Since pictures are not part of the copy, please output only the lines from the one with "Шоколад grand. Эрманн" through the end of the data below, exactly as written.

[THE DATA — start]

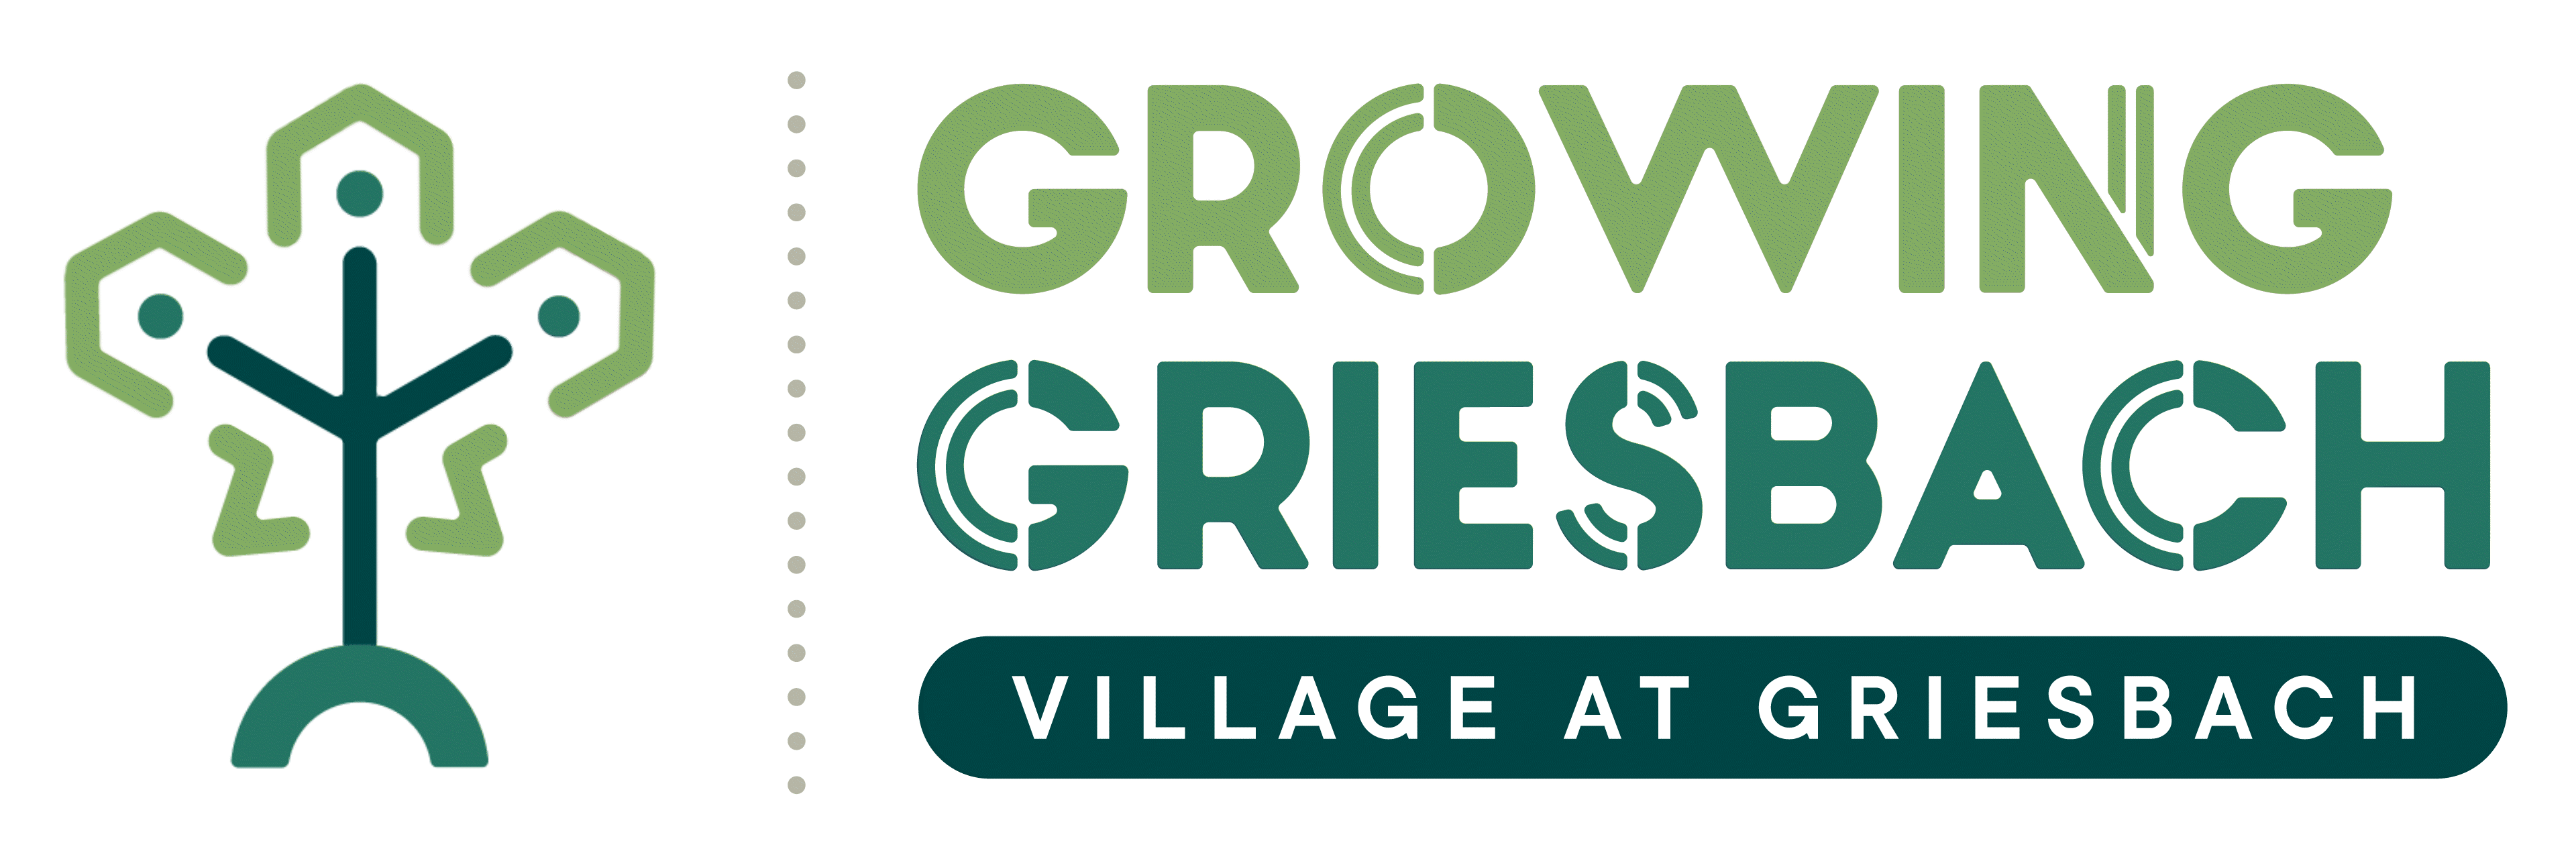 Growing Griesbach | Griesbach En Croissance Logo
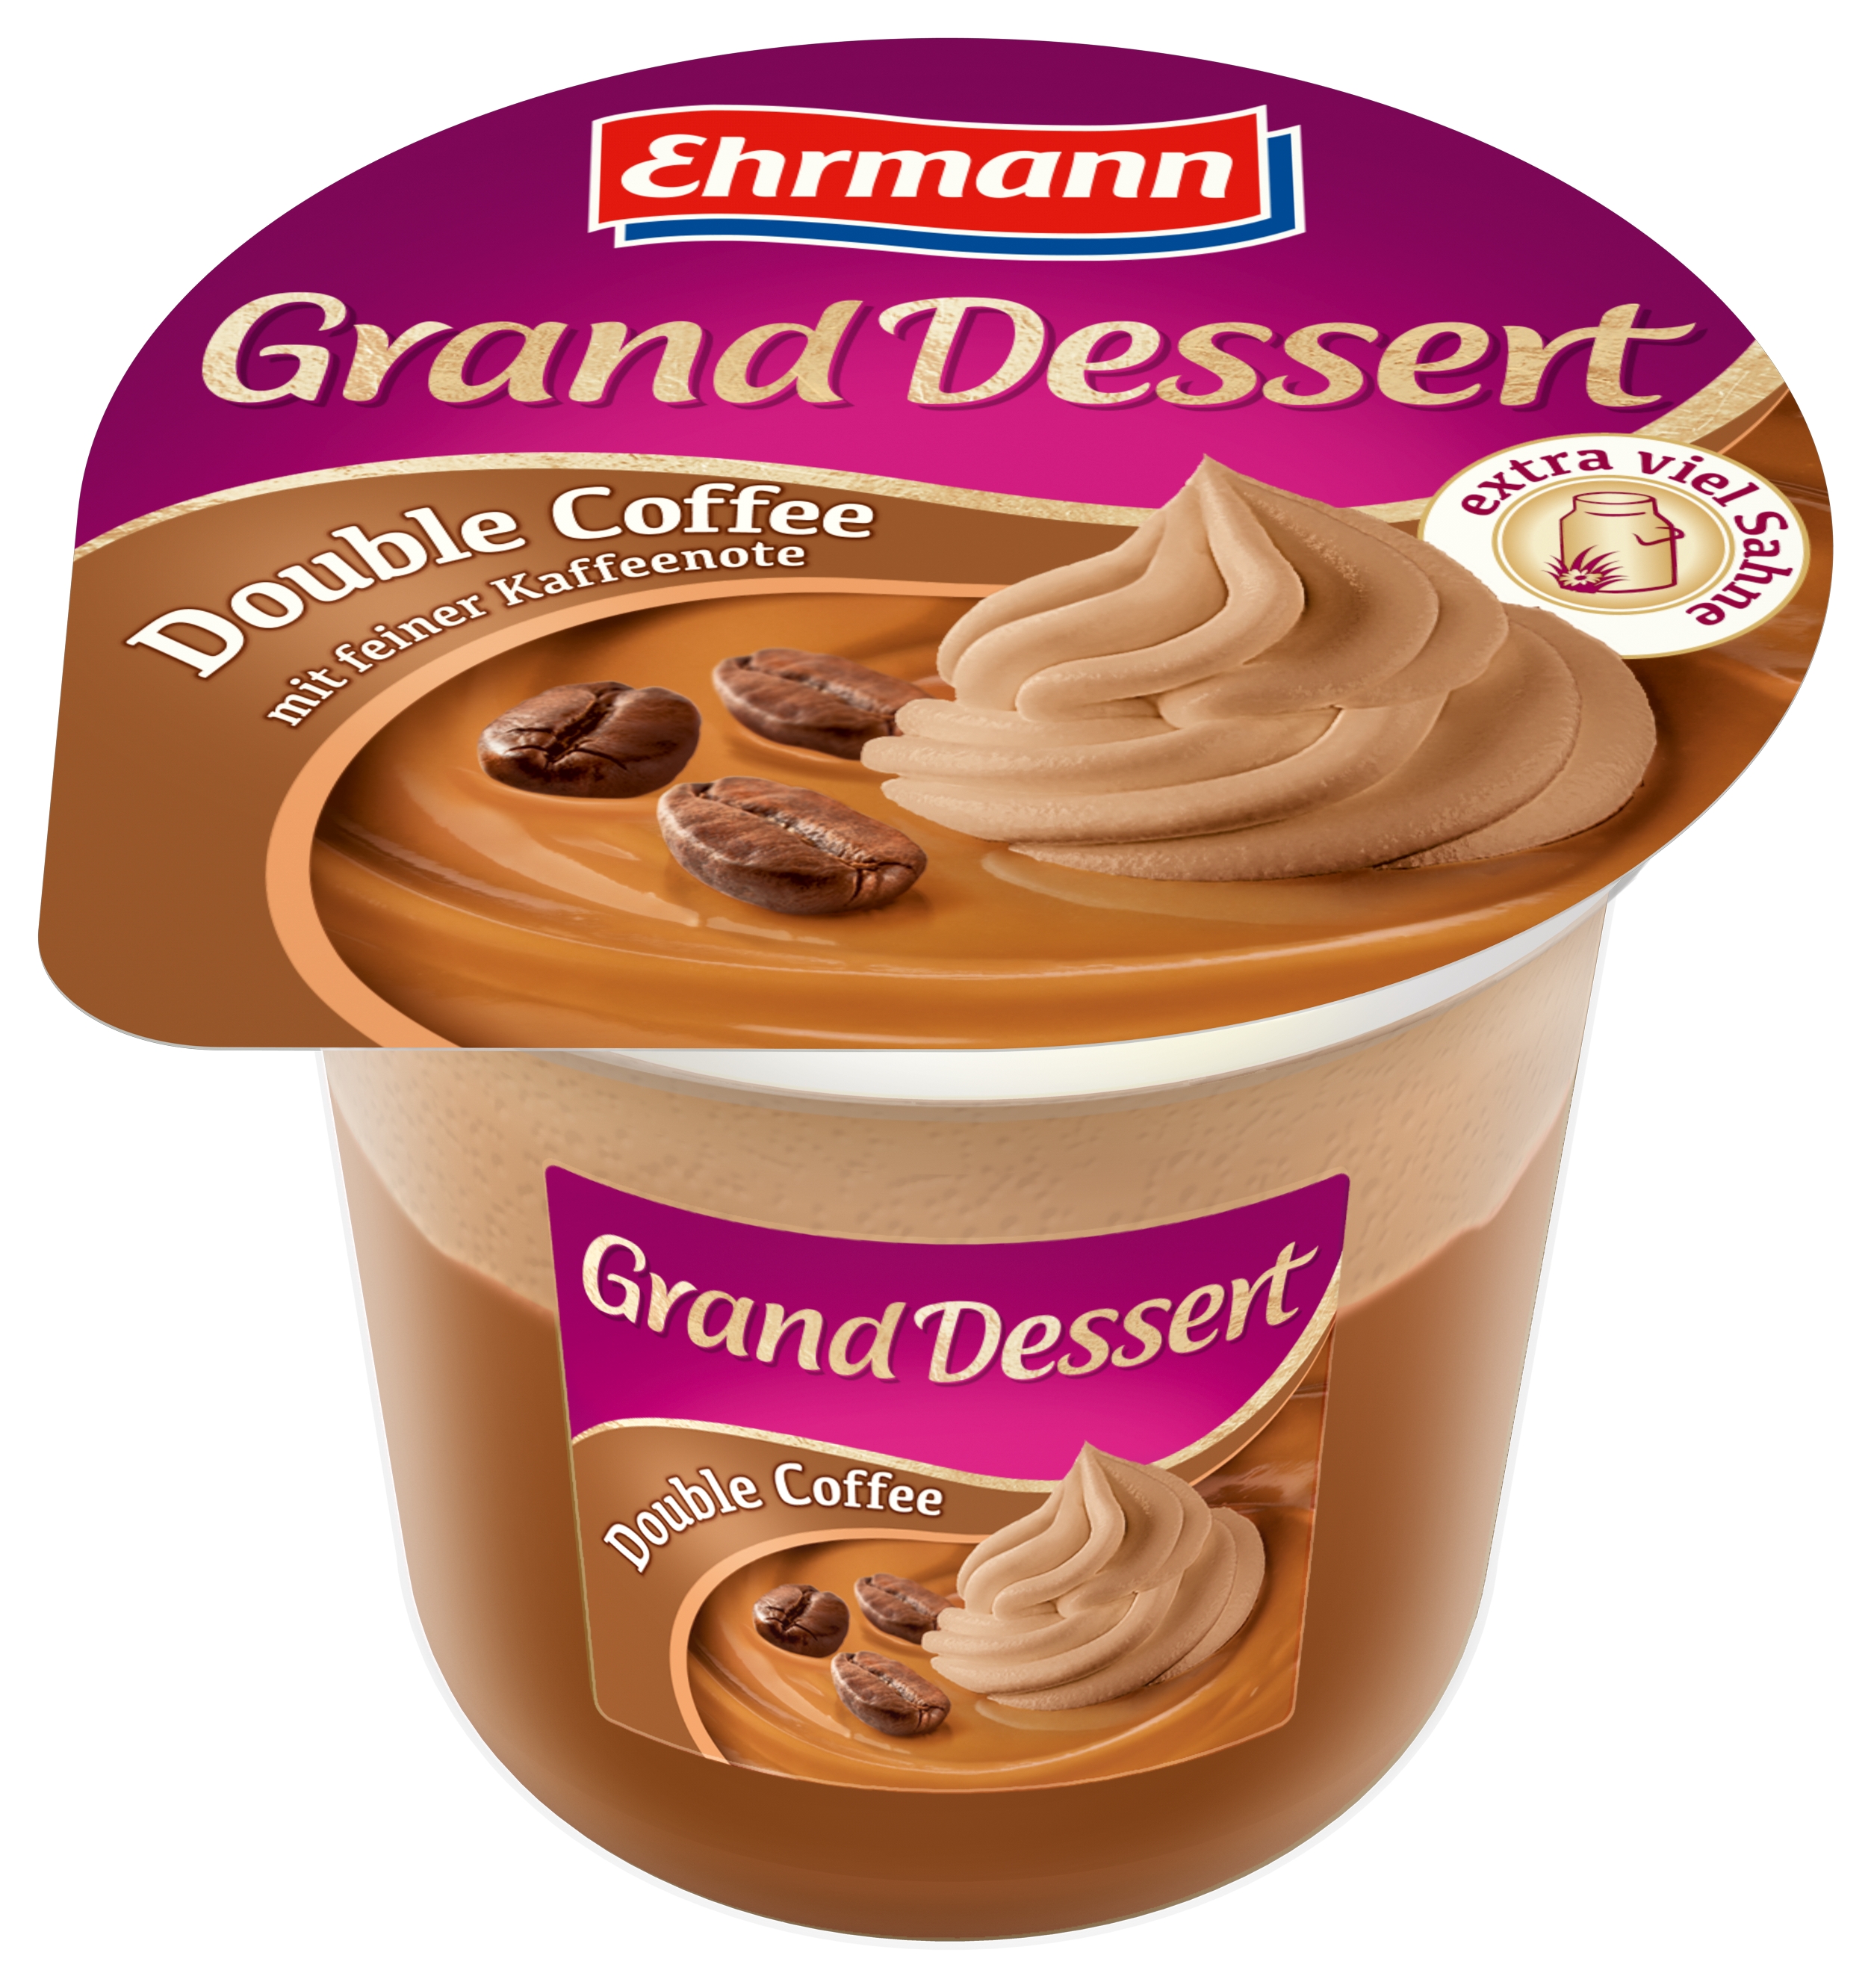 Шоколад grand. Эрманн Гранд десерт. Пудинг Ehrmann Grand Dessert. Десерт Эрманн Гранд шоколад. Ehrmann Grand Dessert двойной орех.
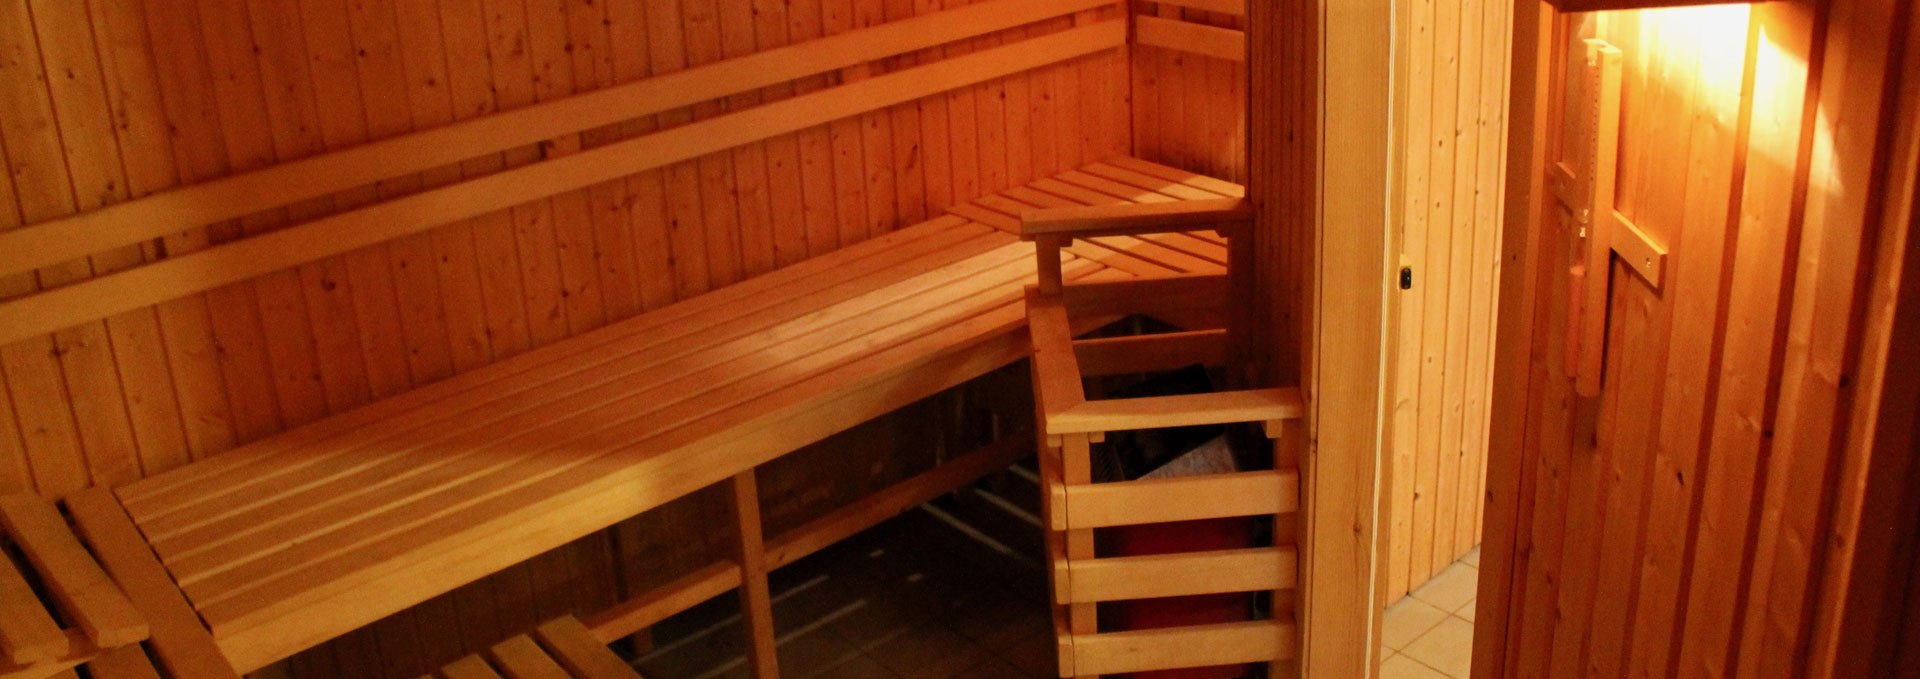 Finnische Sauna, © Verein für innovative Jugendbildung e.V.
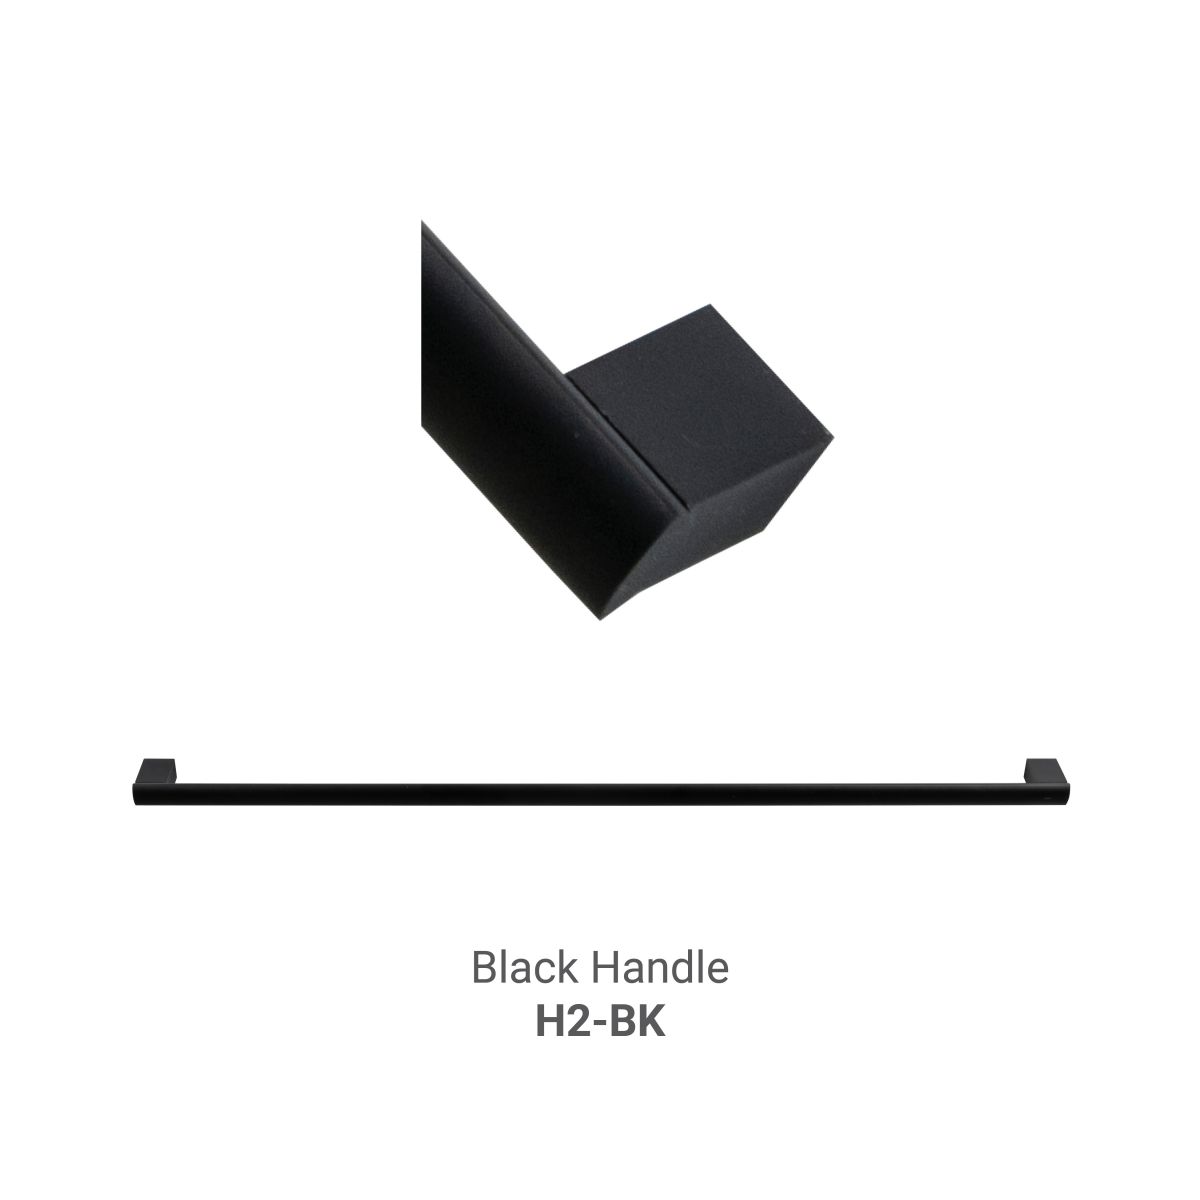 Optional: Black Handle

[THE DATA — finish]

# SOLUTION:
 Шоколад grand. Эрманн Гранд десерт. Пудинг Ehrmann Grand Dessert. Десерт Эрманн Гранд шоколад. Ehrmann Grand Dessert двойной орех.
 Finnische Sauna, © Verein für innovative Jugendbildung e.V.
 Optional: Black Handle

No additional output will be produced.